About two-thirds of the data is from male patients; however, a higher proportion of female patients included in the data set are at high risk for a heart attack.

The density plot above shows that those at low rest tend to be older, which goes against what one would expect.

Other Categorical Variables

Predictive Modeling

KNN

A K-nearest neighbors algorithm was fit using a 70/30 test/training split and 5-fold cross validation to select the value of K.
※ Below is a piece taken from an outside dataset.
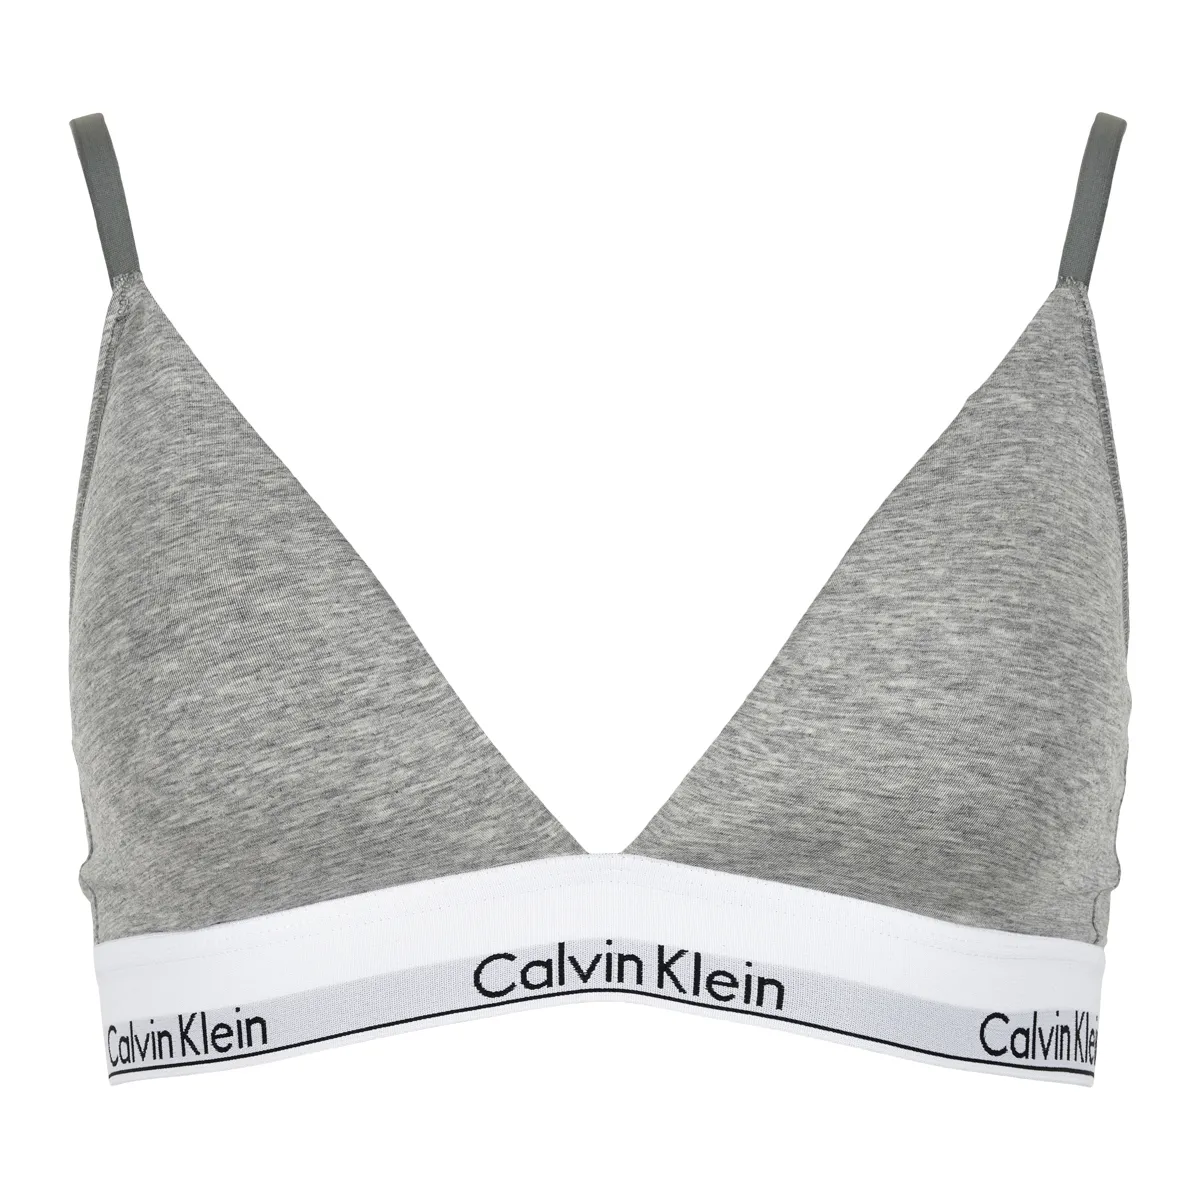 Calvin Klein • CALVIN KLEIN TRIANGLE BH, GRÅ • Pris kr. 210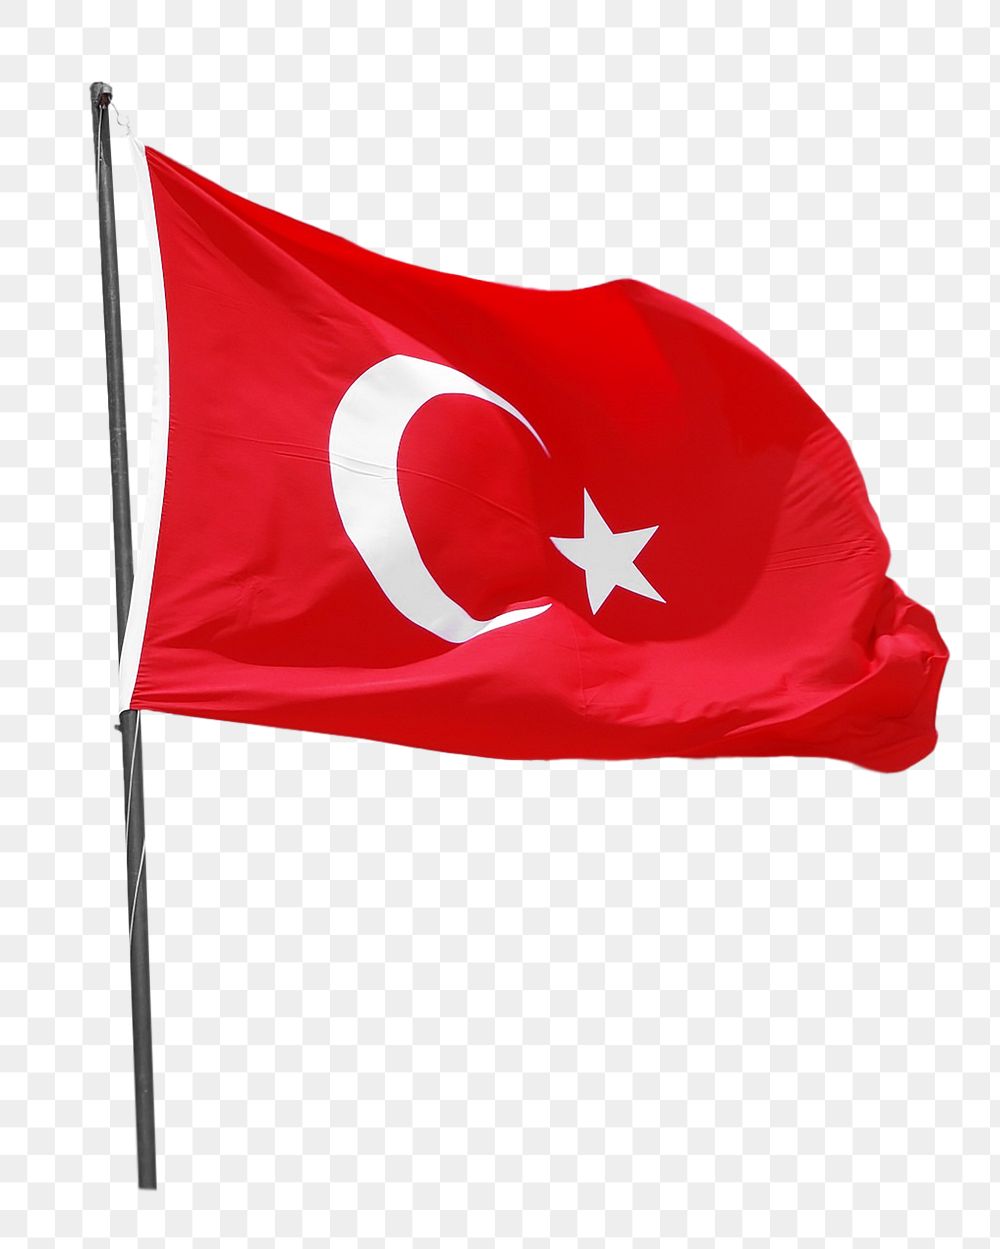 Turkish flag png sticker, transparent background

As shown in the plot above k = 19 has the highest training accuracy rate. The results for the testing set are as follows:

Accuracy Sensitivity Specificity
0.87 0.94 0.76
Predicted Actual
Low Risk High Risk
Low Risk 28 3
High Risk 9 51

The KNN model performed well. Eighty-seven percent of the testing observations were correctly classified including 51 out of 54 of the high risk patients. The model performed slightly worse at classifying low risk patients.

Logistic Regression

Logistic regression was performed with a 70/30 train/test split. It was determined that the full model, the model containing all variables, performed better in test accuracy than a similar model chosen through stepwise AIC selection. The results from the full model are listed below:

Accuracy Sensitivity Specificity
0.88 0.94 0.78
Predicted Actual
Low Risk High Risk
Low Risk 29 3
High Risk 8 51

The relative importance of each variable to the model is measured by the absolute value of the estimated coefficients t-score shown in the plot above. cp, the type of chest pain, was the most important predictor of higher risk for heard attack.

Support Vector Machine

A support vector machine was fitted to the data using a 70/30 training/test split. A sigmoid kernel was used with tuning parameters cost = 2, coef0 = .1 and gamma = .01 selected by 10-fold cross validation over a grid search. The SVM gave the same result as logistic regression, however the logistic regression model is preferred because it has greater interpretability.

Accuracy Sensitivity Specificity
0.88 0.94 0.78
Predicted Actual
Low Risk High Risk
Low Risk 29 3
High Risk 8 51

XG Boosting

The eXtreme Gradient Boosting model was fit using cross validation to determine the tuning parameter nround to be 456. The XG boost performed slightly worse than the other models.

Accuracy Sensitivity Specificity
0.82 0.85 0.78
Predicted Actual
Low Risk High Risk
Low Risk 29 8
High Risk 8 46

Take Aways

  • The logistic regression model was able to classify roughly 88% of test observations accurately with higher interpretability than other similar performing models. Furthermore, 94% of patients at high risk for heart attack were successfully classified.

  • The presence of chest pain, specifically atypical angina or non-anginal pain were the most important predictors of risk for heart attack in the chosen model.

  • Females present in this data set appear to be at a higher risk of heart attack than males.

  • Having a higher ‘caa’, the number of major blood vessels appears to reduce the probability of being higher risk for a heart attack

  • Overall the data present creates a strong classification model.